Because of the difference in genetic proximity between twins with different zygosities, identical twins correlate 1 for additive genetic effects (A) (also known as narrow heritability, h²), representing the combined effect of alleles at a locus and across loci that add up to affect behavior, whereas nonidentical twins correlate half of that (ie, 0.5).³ Conversely, both types of twins correlate equally as 1 for environmental effects that both twins share (C or c²), such as parenting, whereas unique environmental effects or influences (E or e²) that twins do not share, such as accidents, are modeled in both twin types as 0. As a consequence of these different degrees of genetic correlations between MZ and DZ twins but the same degree of correlation in environmental influences, a higher correlation in MZ twins than in DZ twins would represent the effect of the higher proportion of genes shared among MZ twins.²¹

Bivariate models are concerned with estimating A, C, and E of the individual variables due to the MZ to DZ cross-twin within-trait (trait A in twin 1 with that of the co-twin) correlation, as well as with partitioning the covariance between the 2 traits into A, C, and E by means of the cross-twin cross-trait (trait A in twin 1 with trait B of the co-twin) MZ to DZ correlation ratios. Significant cross-twin within- or cross-trait covariances imply that common etiological factors between the 2 traits are familial. Whether these common familial etiological influences are genetic or environmental in origin is inferred by the MZ to DZ ratio of the cross-twin within- or cross-trait covariances.²¹ For example, if the cross-twin cross-trait correlation was greater for MZ twins than for DZ twins at about 2 to 1, respectively, this would imply that A contributes to the phenotypic correlation between the 2 traits. A ratio of 1:1 suggests that the same influences of C are inducing a correlation between the 2 traits. Nonsignificant cross-twin cross-trait correlations suggest that the shared etiological influences on the 2 traits are due to E and therefore not due to familial effects.

The partitioning of the covariation between schizophrenia and each cognitive measure into the genetic, shared environmental, and unique environmental sources of covariation yields genetic (r_g), common environmental (r_c), and individual-specific environmental (r_e) correlations, respectively. The r_g indicates the extent to which the same genetic effects influence both schizophrenia and neurocognition, whereas the r_c reflects the degree to which the environmental effects inducing a shared environmental correlation for 1 trait (eg, working memory) are the same as those in the second trait (eg, schizophrenia). The level to which the unique environmental influences are common in both traits is given by the r_e. A genetic correlation of 1.0 would suggest that all of the additive genetic influences that act on 1 trait also influence the second. Similarly, an environmental correlation of 0 would imply that the environmental influences on, say, the liability to schizophrenia are independent of the environmental effects on intelligence.

As the r_g, r_c, and r_e correlations do not take into account the heritability of either trait, it is possible for a large genetic correlation to actually explain a very small portion of the observed covariation between these 2 traits. Combining the information from the r_g, r_c, and r_e with the heritabilities c² and e² of each trait, we can establish the genetic (r_ph-a), common environmental (r_ph-c), and unique environmental (r_ph-e) contributions to the total phenotypic correlation (r_ph) between 2 traits.

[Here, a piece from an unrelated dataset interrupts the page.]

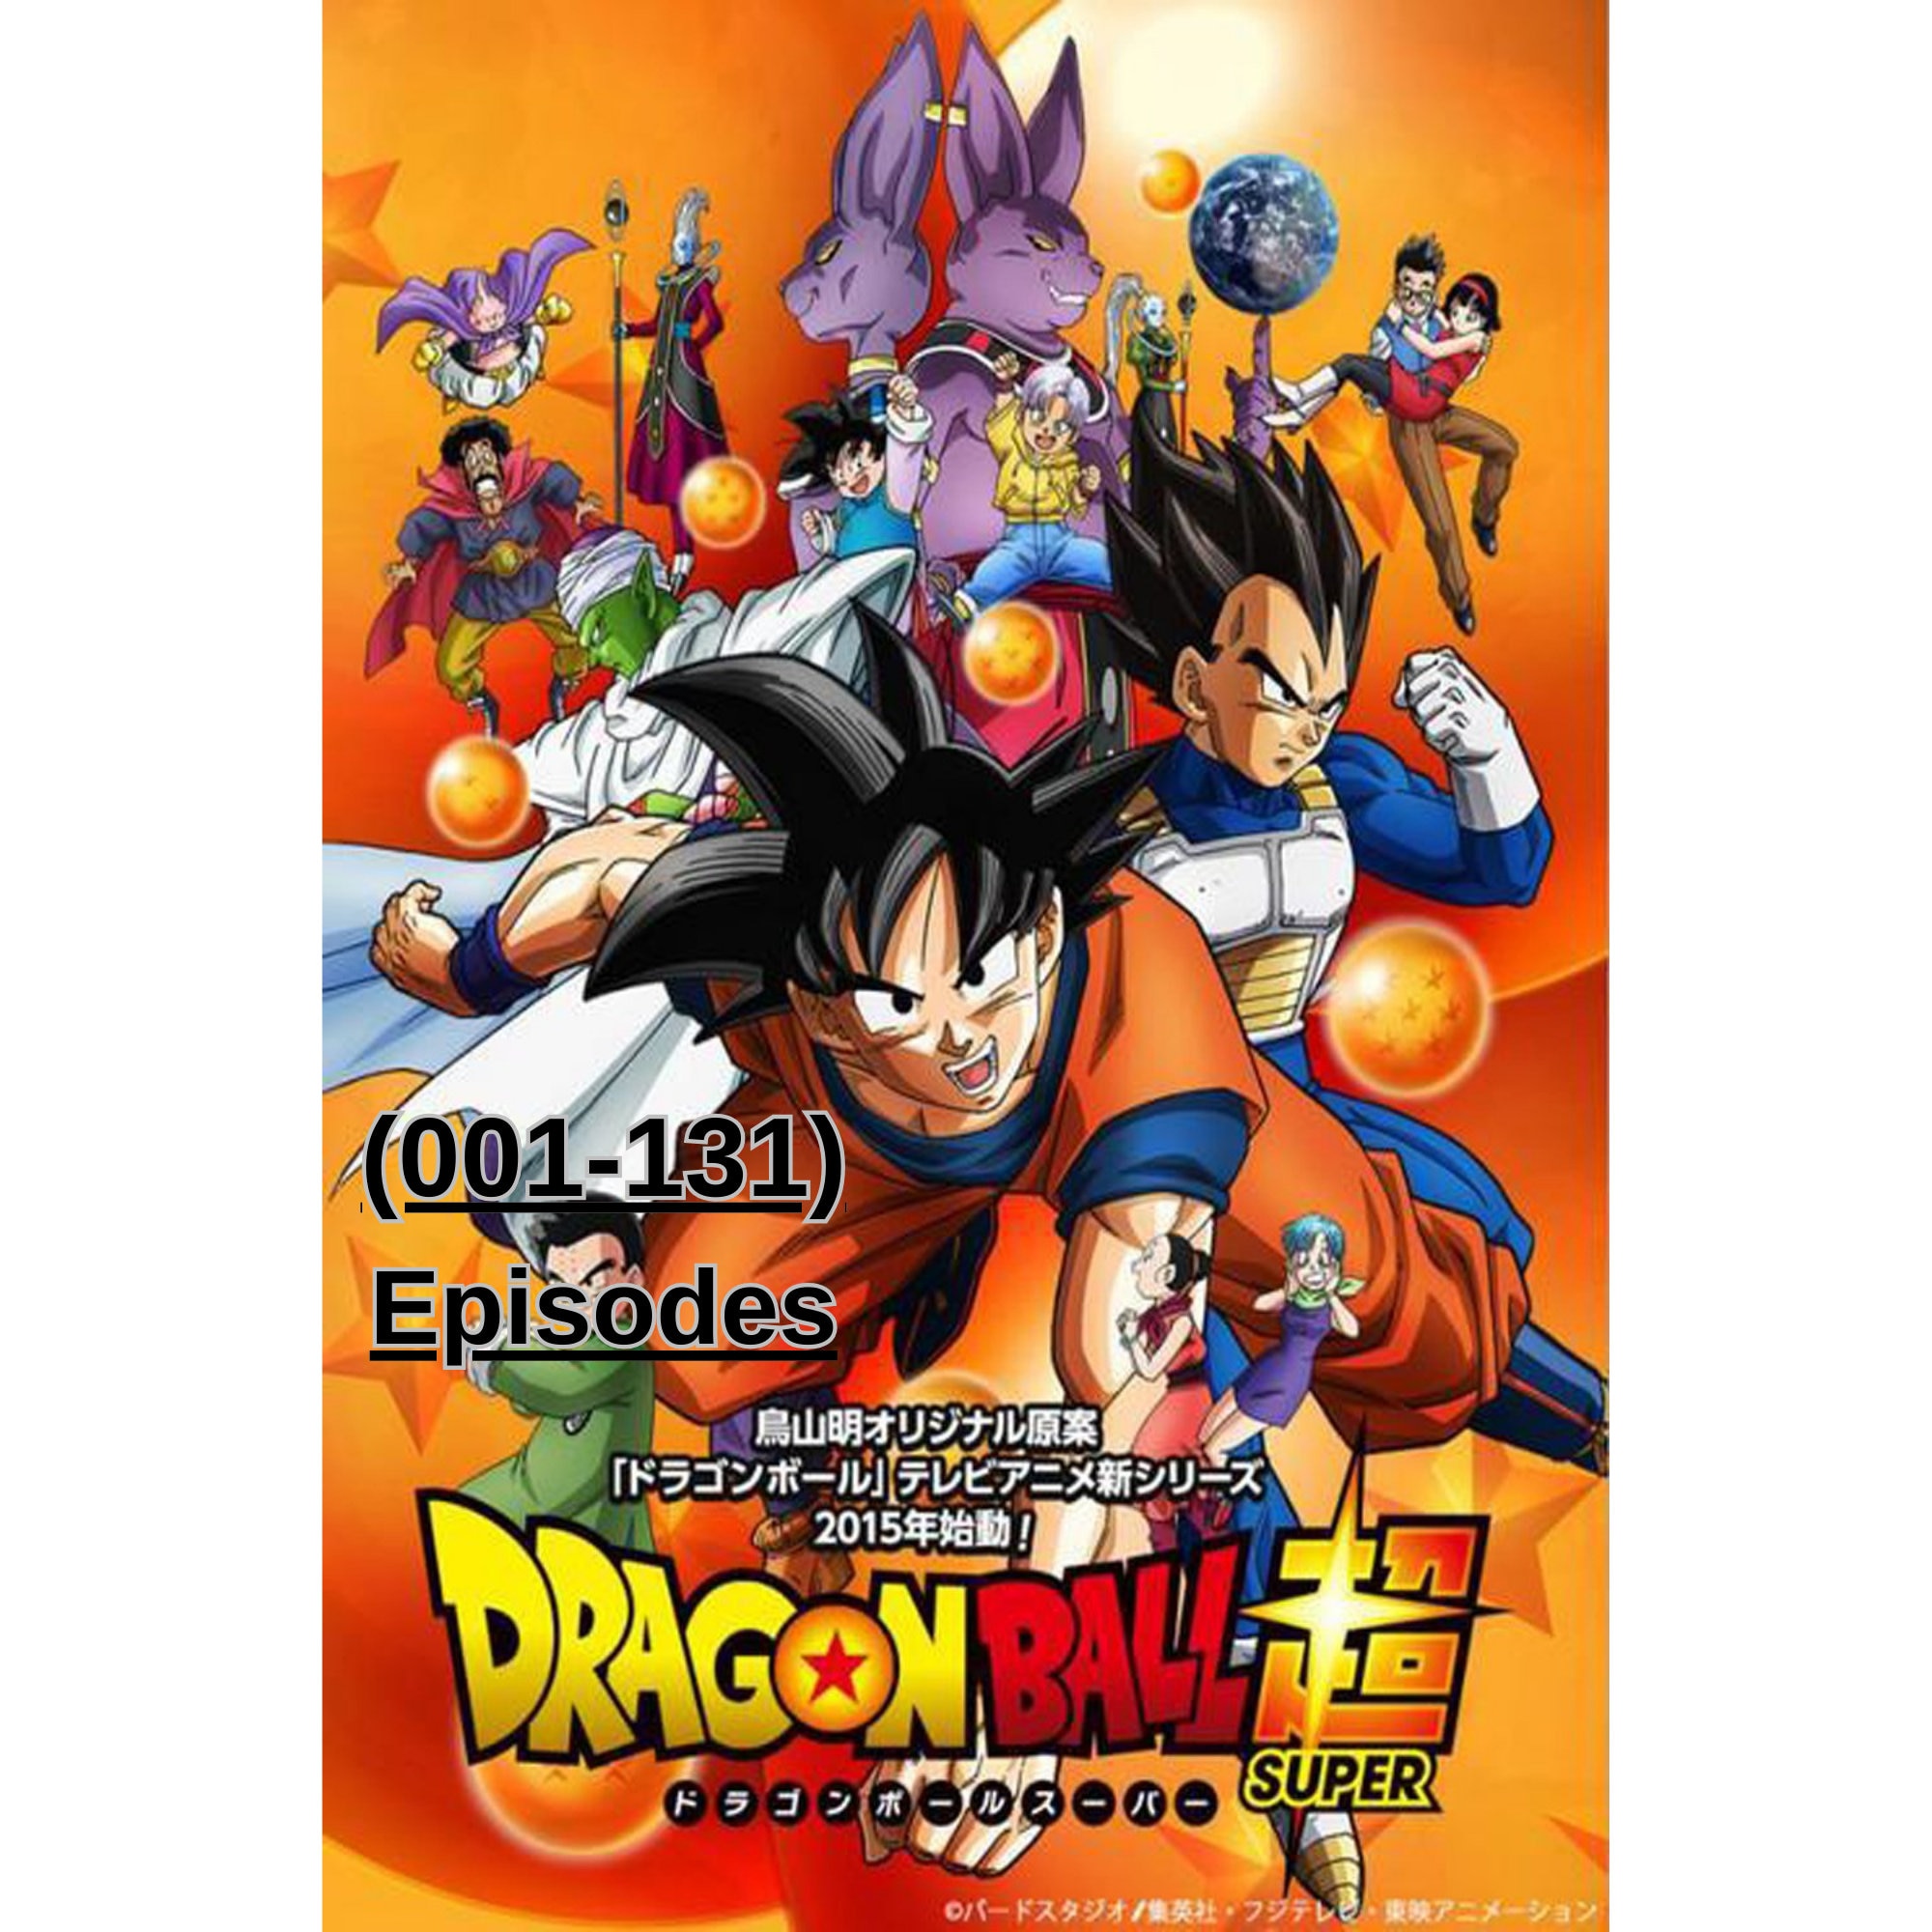 DVD Dragonball Z Ep 1-291End. English Dub. Dual audio

The bivariate models assumed a continuum of genetic risk that is normally distributed with the disorder occurring only when a certain threshold of liability is exceeded. Both affected and unaffected individuals were assumed to be part of the same distribution of liability to the disorder, with each individual being either below or above the threshold. Because data were from twin pairs selected for schizophrenia rather than from a random sample and therefore the heritability of schizophrenia could not be estimated, the model parameters for schizophrenia were fixed to values estimated by a meta-analysis²² and the threshold to the population prevalence. Accordingly, the model parameters for schizophrenia were fixed to the point estimates of the meta-analyses as follows: h² = 0.81, c² = 0.11, e² = 0.08. The analyses were repeated using a different genetic model for schizophrenia based on the lower limit of the 95% confidence interval (CI) of heritability in liability to schizophrenia, h² = 0.73, c² = 0.19, e² = 0.08, of the same meta-analyses. However, as the different parameter estimates for schizophrenia had virtually no effect on the main results of the study, we report the findings of the first analyses. The lifetime prevalence of schizophrenia was set to 1%.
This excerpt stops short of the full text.